I'm sure others can think of more.

pjc50|7 years ago

There's definitely something wrong with the Engelbart demo: where's the monetisation? Where's the adverts? How could it be sold for ten billion dollars at IPO? Where's the in-app purchases? How can it be sold as a service with appropriate lock-in?

/s

soufron|7 years ago

That's exactly what I have been pointing out at every innovation conference or meeting where I speak. Where is the innovation? Where is the technology? We think that what we use today is advanced and works better, but it's just not true.

topkai22|7 years ago

A lot of it is about price and ease of adoption. My mother used a video phone at the worlds fair in the 60s. I’m fact, she loved it so much she kept on waiting in line to do it over and over again. She only started using one again 50 years later to see her grandkids over FaceTime. And the quality of the experience after 50 years? Well I believe the cameras used in the worlds fair setup were closed circuit broadcast grade tv cameras, so I think the quality was much better (albeit in color.)

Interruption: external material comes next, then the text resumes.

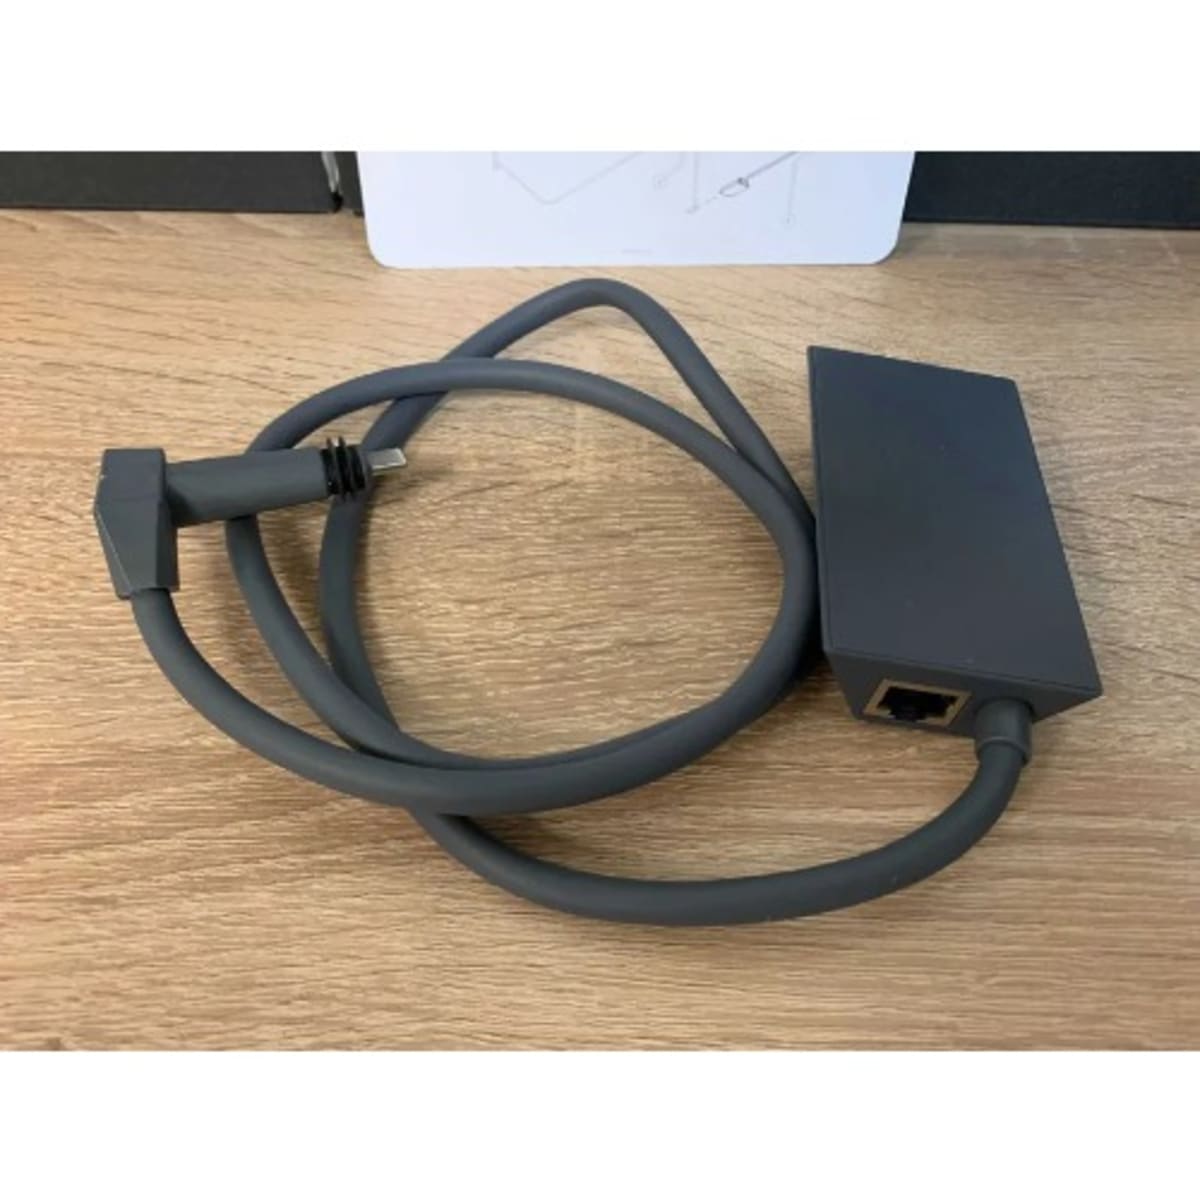 Starlink Ethernet Adapter For Wired External Network

The cost and ease of use however? Already in something she owned and a single button to answer the call.

fspacef|7 years ago

Innovation always seems 2 steps forward one step back... I wonder if we will look back at Steve Jobs' iPhone launch in 07 as something similar (if not already).

joaomacp|7 years ago

That launch is already considered an innovative turning point.

What he shows is basically what exists now in phone tech (apps, good internet, GPS...), and it's the same only-screen device (today's are equal, only larger). And it's now owned by more than 2 billion people.

I know Jobs was seen (probably correctly) as a jerk. But this was such a huge achievement that I can't help admiring it.

cm2187|7 years ago

And a better working version of skype!